Franklin Graham, son of famous evangelical Billy and president of Samaritan's Purse humanitarian organisation, responded to the calls for Moore to stand aside by tweeting: 'The hypocrisy of Washington has no bounds. So many denouncing Roy Moore when they are guilty of doing much worse than what he has been accused of supposedly doing. Shame on those hypocrites.'

It comes after around 50 pastors signed a letter in August backing Moore before the allegations were made. But of the 29 churches who have spoken since the charges emerged, 19 are standing by their man.

Pastor Franklin Raddish of the Capitol Hill Independent Baptist Ministries, a nationwide church, told local media AI.com the accusations was a 'war on men'. He said: 'More women are sexual predators than men.

'Women are chasing young boys up and down the road, but we don't hear about that because it's not PC.'

Alabama pastor Earl Wise said: 'I don't know how much these women are getting paid, but I can only believe they're getting a healthy sum.'

He told the Boston Globe. 'How these gals came up with this, I don't know.
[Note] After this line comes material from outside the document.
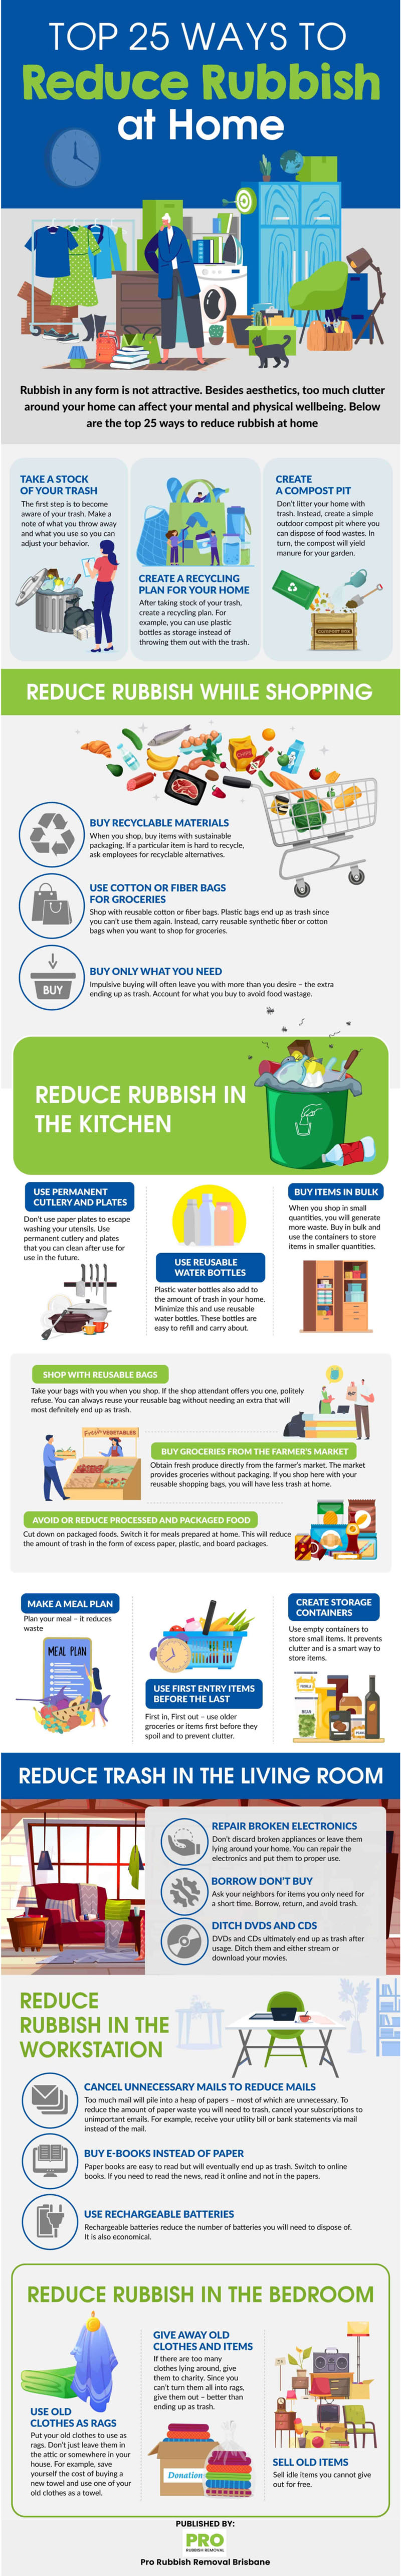 25 Ways to Reduce Rubbish Around Your Home

They must have had some sweet dreams somewhere down the line.'

Roy Moore has form when it comes to evangelical backing.

He famously refused to remove a monument to the Ten Commandments in his court room when he was Chief Justice. After a court order ordered it to be taken down, Moore still refused until he was eventually removed from office.

Now evangelicals appear to be repaying his loyalty. 

But Russell Moore, president of the Ethics and Religious Liberty Commission of the Southern Baptist Convention, is leading the charge against both Roy Moore and his evangelical backers.

Deeply conservative, pro-life and opposed to same-sex marriage, Russell Moore is highly critical of his fellow evangelicals who are standing by Roy Moore. 

'All things being equal between two candidates, I probably vote for the pro-life candidate,' one churchgoer Cody Bruce Wood, 27, told the New York Times. And this seems to sum up the attitude of Alabama's evangelicals.

But in this situation all things are not equal.

Moore stands accused of multiple counts of assault and misconduct. So what really seems to be dividing evangelicals is not pro-life versus pro-choice but whether testimonies from numerous women should be believed or not. Far from being a debate around politics, for evangelicals it is about deep rooted misogny.